第31話 兄弟喧嘩と致死性の毒

ルイドバードは住宅街を駆け抜けた。立場上、街中(まちなか)で殺し合いをするのはまずいし、住人に迷惑をかけたくない。

 人気(ひとけ)のない方へ走るうち、街の中心を外れ、家がまばらになってきた。

そこで初めてルイドバードは振り返った。

 刺客の一人が、掛け声もなく襲いかかってくる。続く連撃を避け、間合いを取る。

 真横から近付いてくる気配を感じ、ルイドバードはしゃがみこむように低く腰を落とした。そのまま地面と平行に剣で半円を描く。

 横から首筋を狙った敵の刃は空を斬り、逆にルイドバードの剣が相手の足首を捕える。

 厚いブーツのせいで怪我を負わせることはできなかったものの、敵が一瞬ひるんだスキを見逃さず、立ち上がりざまその胸を斬り上げる。男は崩れ落ちた。

「トルバド国の王子に剣を向ける痴(し)れ者め。私はラティラスのように優しくはないぞ」

 仲間の血溜りを踏み付け、最後の一人が刃を振るった。

 剣と短剣が噛み合い、金属性の音をたてる。

 相手はかなりすばやい。攻撃を捌(さば)きながら、ルイドバードは薄い恐怖を感じていた。追っ手が二人だけとはなめられている気がしたが、少数精鋭で来たらしい。

 一撃を反らせたものの、完全に受けとめられず、腕に傷が走る。剣を振った勢いで、自分の頬に自分の血が飛び散った。刺客がにやりと笑う。

 再び間合いを取って立て直す。なぜかひどく息が切れた。

 残った二人のうち一人が、また斬りかかってきた。今までより受け止めた刃を重く感じ、ルイドバードは小さく呻きをあげた。柄を持つ手が汗でぬれる。何かがおかしい。確かに寝ずに動き回っているが、それだけでこれほど疲れるだろうか。

 真上から振り下ろされた一撃を払いのける。がら空きになった相手の懐に入り込む。

 恐怖の表情を浮かべた刺客の左胸に向かい、剣を突き立てようとする。不意に視界の端に闇が円く映った。それは薄い紙にインクがにじむように広がり、視界を埋め尽くしていく。瞬きをするが、視界は晴れないどころかますます暗くなる。

自分の肺が金属になったように、冷たく、息ができない。

 胸についた、軽いはずの傷が腫れているのが触れる布の感触でわかった。

 毒。刃に毒が塗ってあったか。

 扱いなれたはずの剣が扱いきれないほど重くなり、手からすべりおちる。膝から力が抜け、ルイドバードは地面に倒れ込んだ。
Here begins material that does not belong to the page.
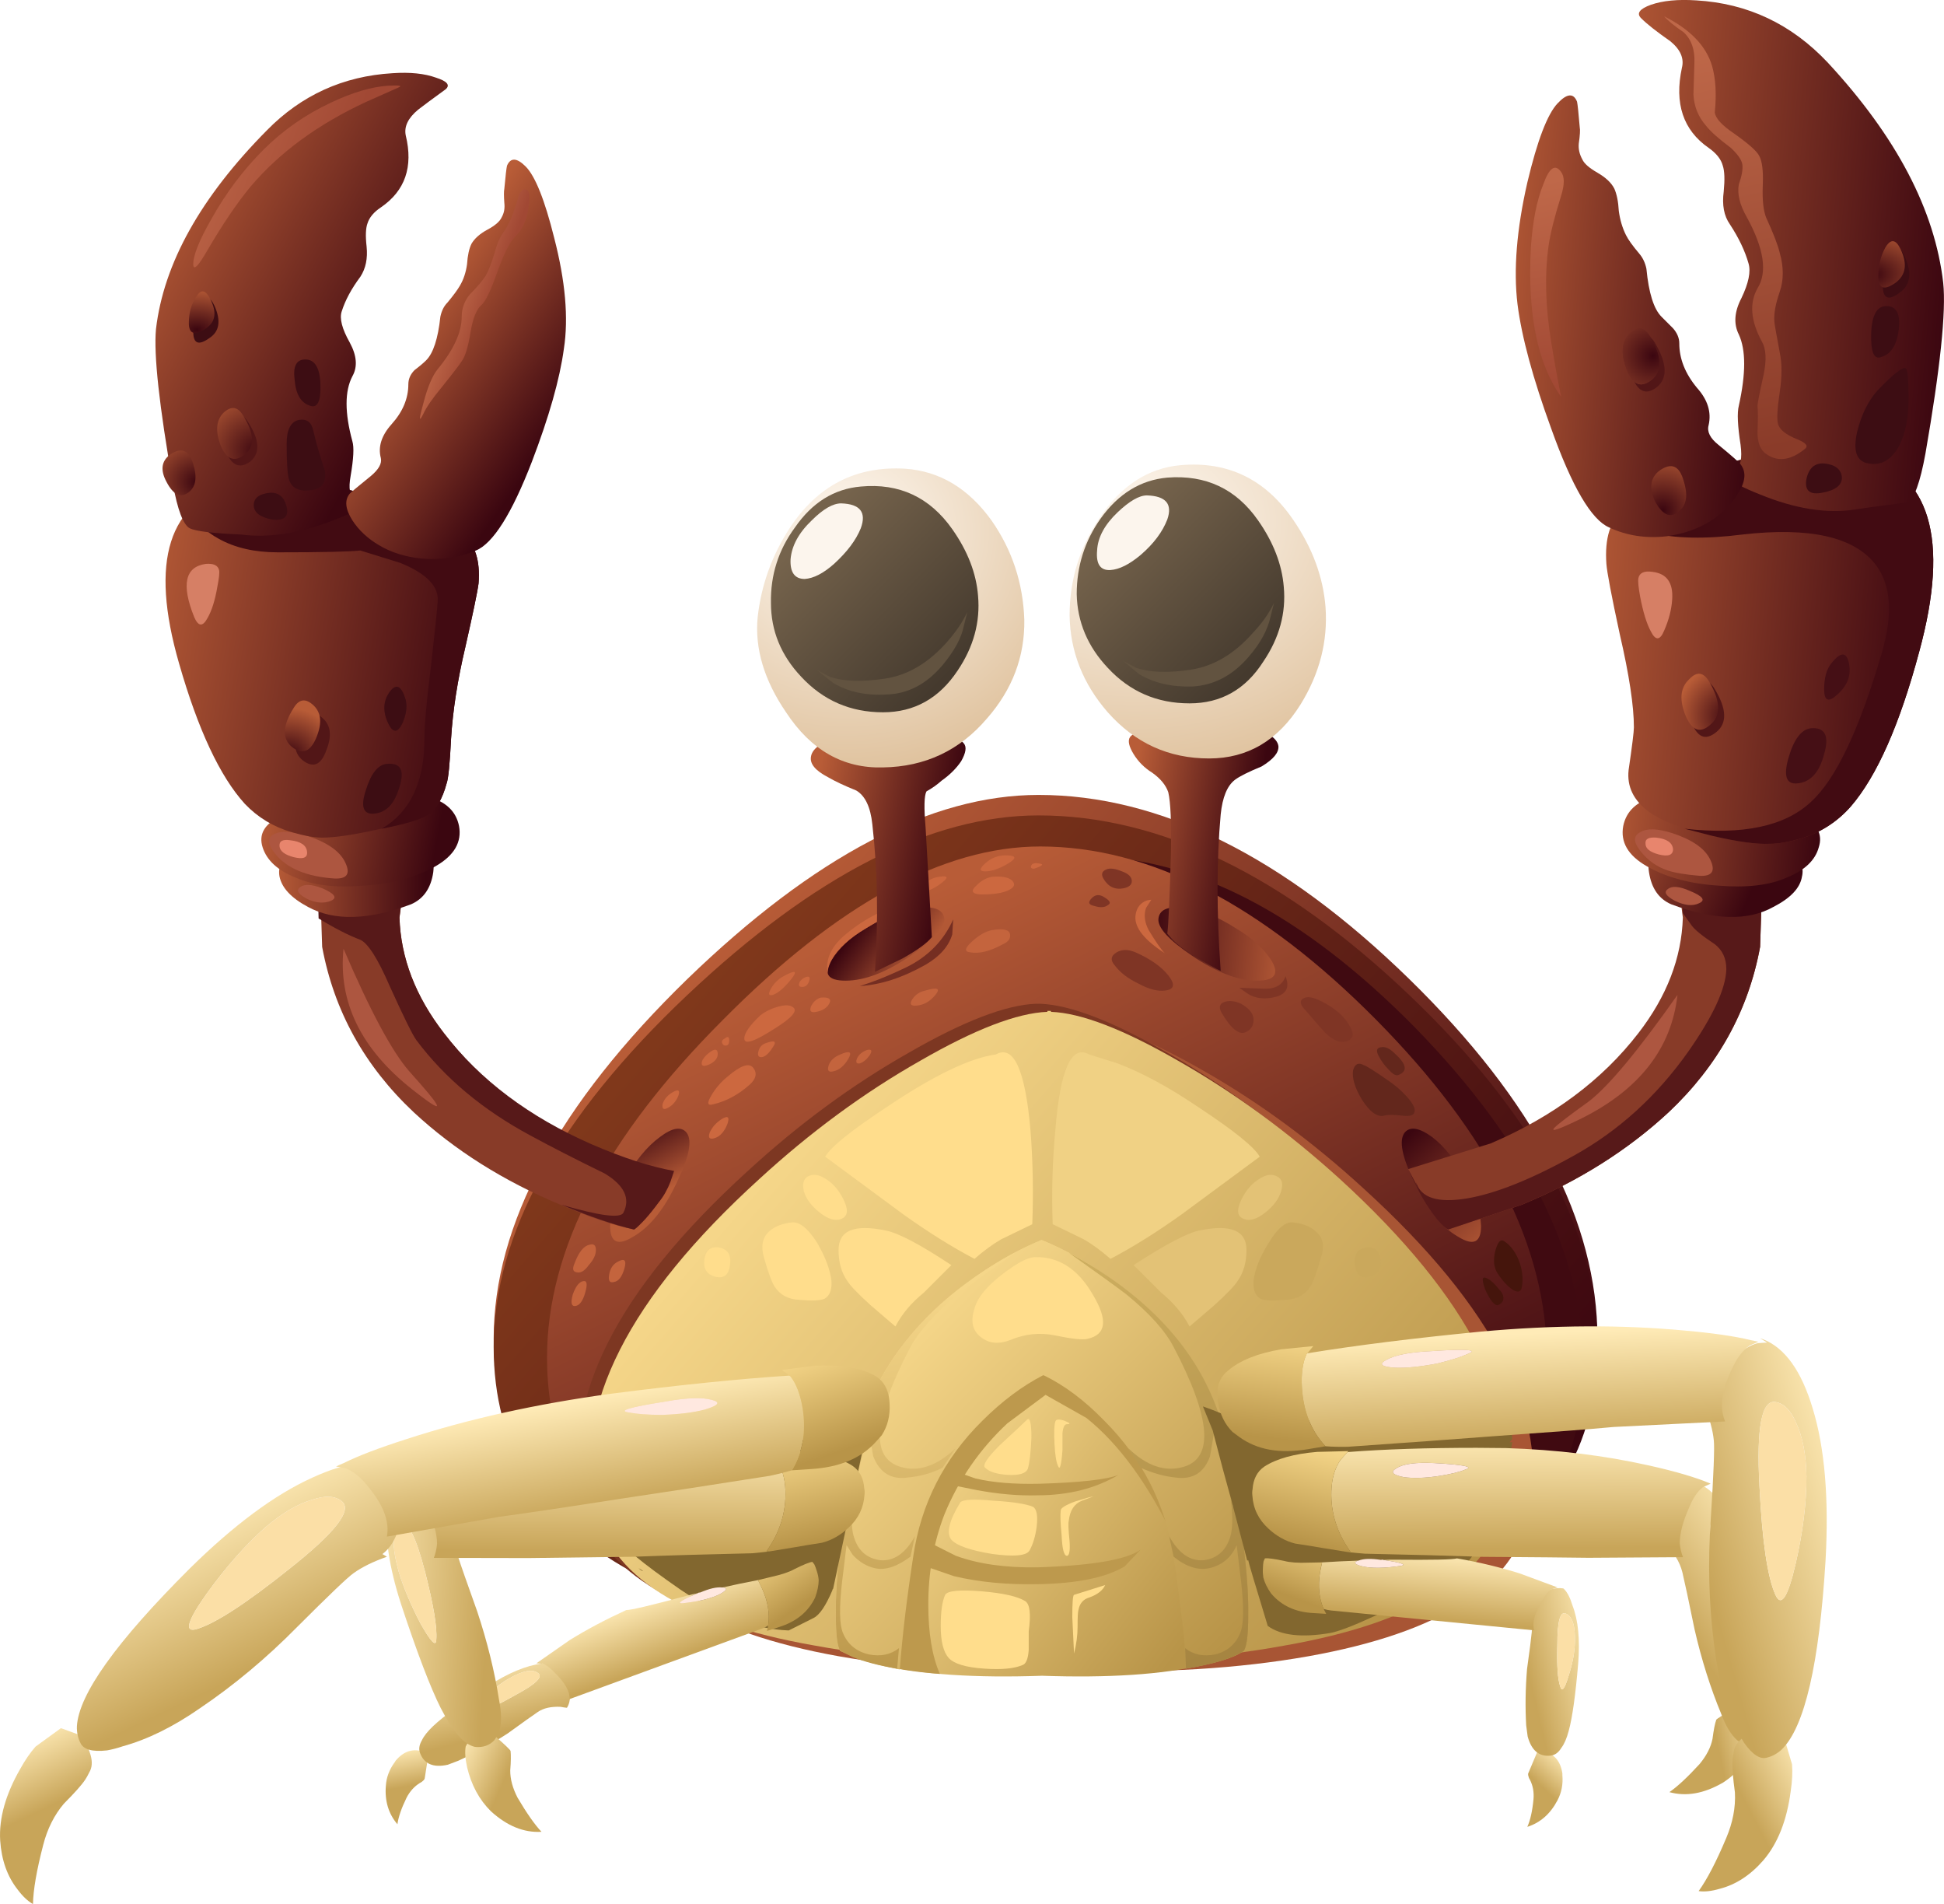 Pirate clipart crab. Bclipart inhabitants npc crabbclipart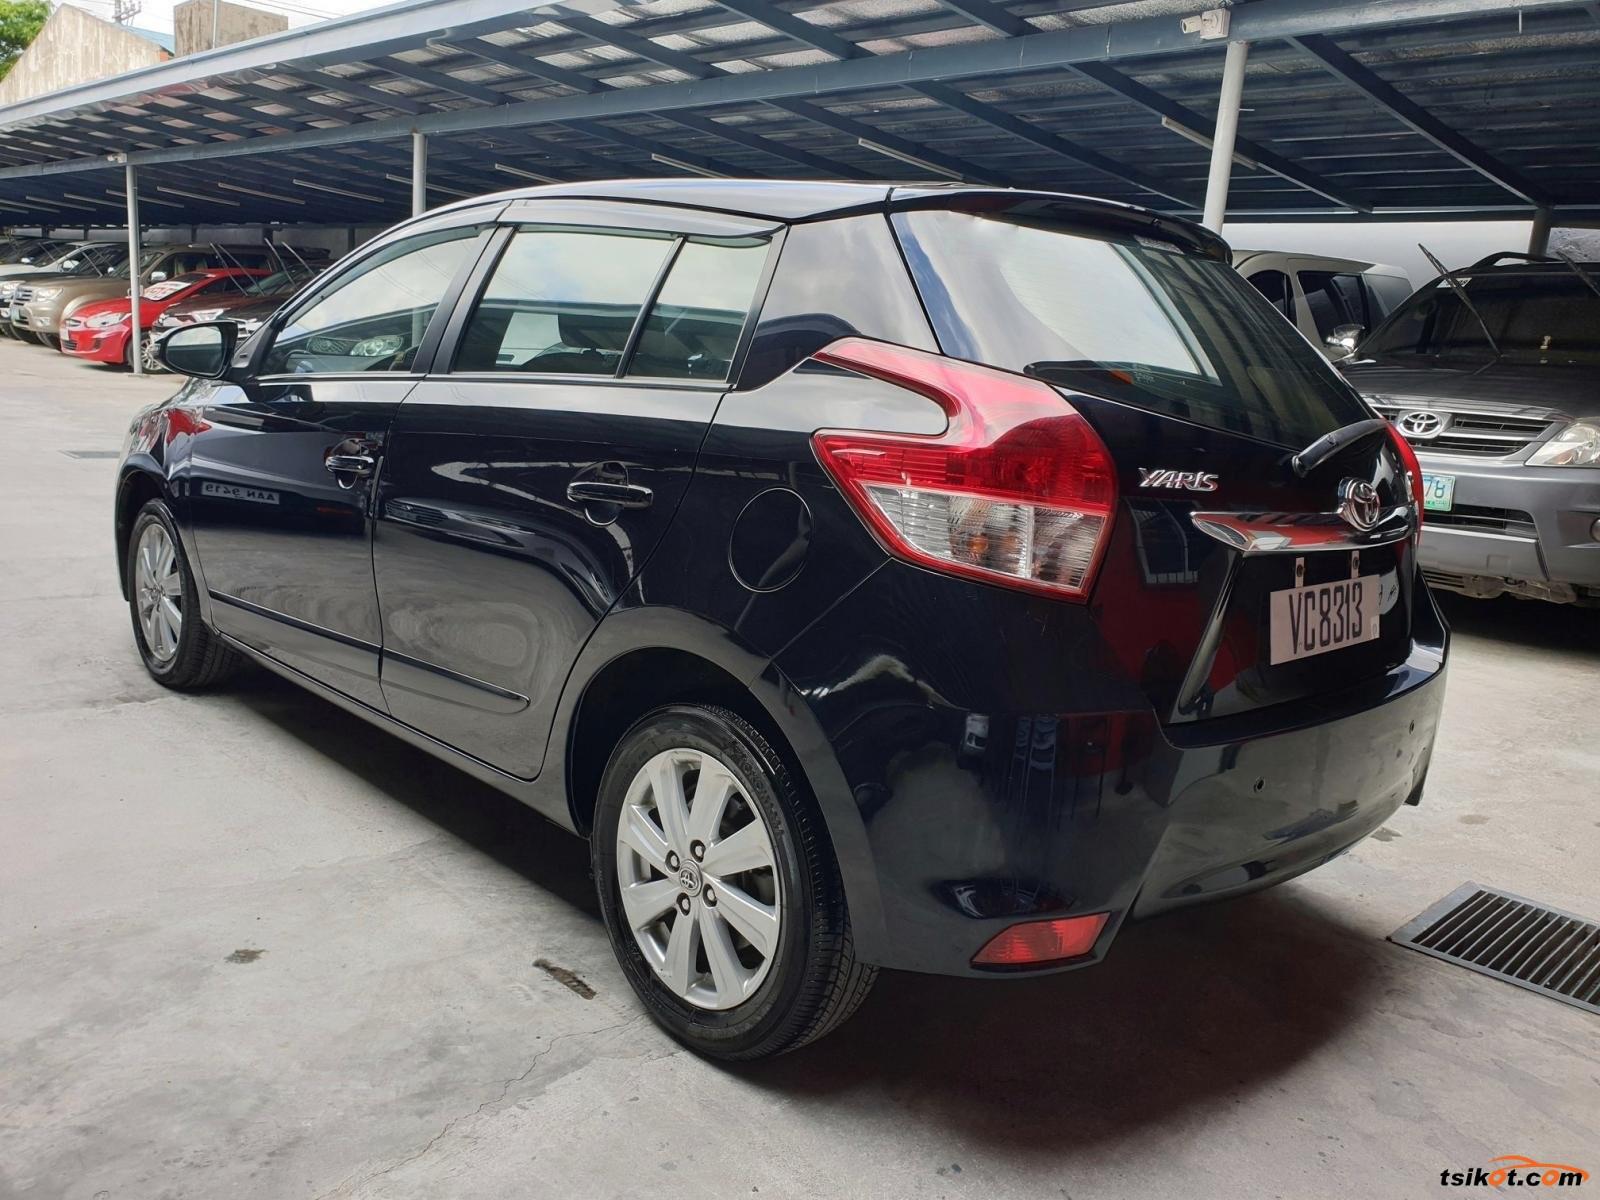 Toyota Yaris 2016 - 4

 新しい足音が、どこからか近寄ってくるのが聞こえた。

「本当にこれで大丈夫なのでしょうか」

 ルイドバードに傷を負わせた刺客が、新たに現れた何者かに問いかける。

「ああ。この街で解毒剤はまず手に入らないはずだから。放っておけばそのうちに死ぬよ」

 そう応えたのは、聞きなれたロルオンの声。

ルイドバードが上げた驚きの声は、くぐもった呻きにしかならなかった。

「この兄はやたら剣の腕だけは立つからな。こうでもしないとね」

「しかし、留めを刺さなくていいんですか?」

「そうだねえ」

 なぜかロルオンが剣を納める気配がした。そして心臓を凍らせるように冷たい、何か硬い物が触れ合うような音。

 必死に動こうとするが、力が体から抜けて指を動かす事もできない。

 何かが強く光ったのか、黒く塗りつぶされた視界の隅に、瞼の血を透かした赤色の球が見えた。しかしそれは一瞬で消えた。覚悟していた苦痛もない。

「……チッ。興(きょう)冷めした。失敗か。いいさ、どうせ死ぬんだ」

 ロルオンの足音が遠ざかっていく。

「だがこれでトルバドは我が物となるだろう。これは始まりにすぎないよ。まずは鏡の塔のパーティーで宣戦布告だ」

(鏡の塔?)

 薄れていく意識と共に記憶が消えないように、ルイドバードはその言葉をしっかりと心に焼き付けておこうと思った。

「いずれ、ケラス・オルニスも利用させてもらう」

(ケラス・オルニス?!)

 なぜそこでケラス・オルニスの名前が出てくる!

 それにどんな意味があるのか深く考える前に、ルイドバードの意識は闇に染まっていった。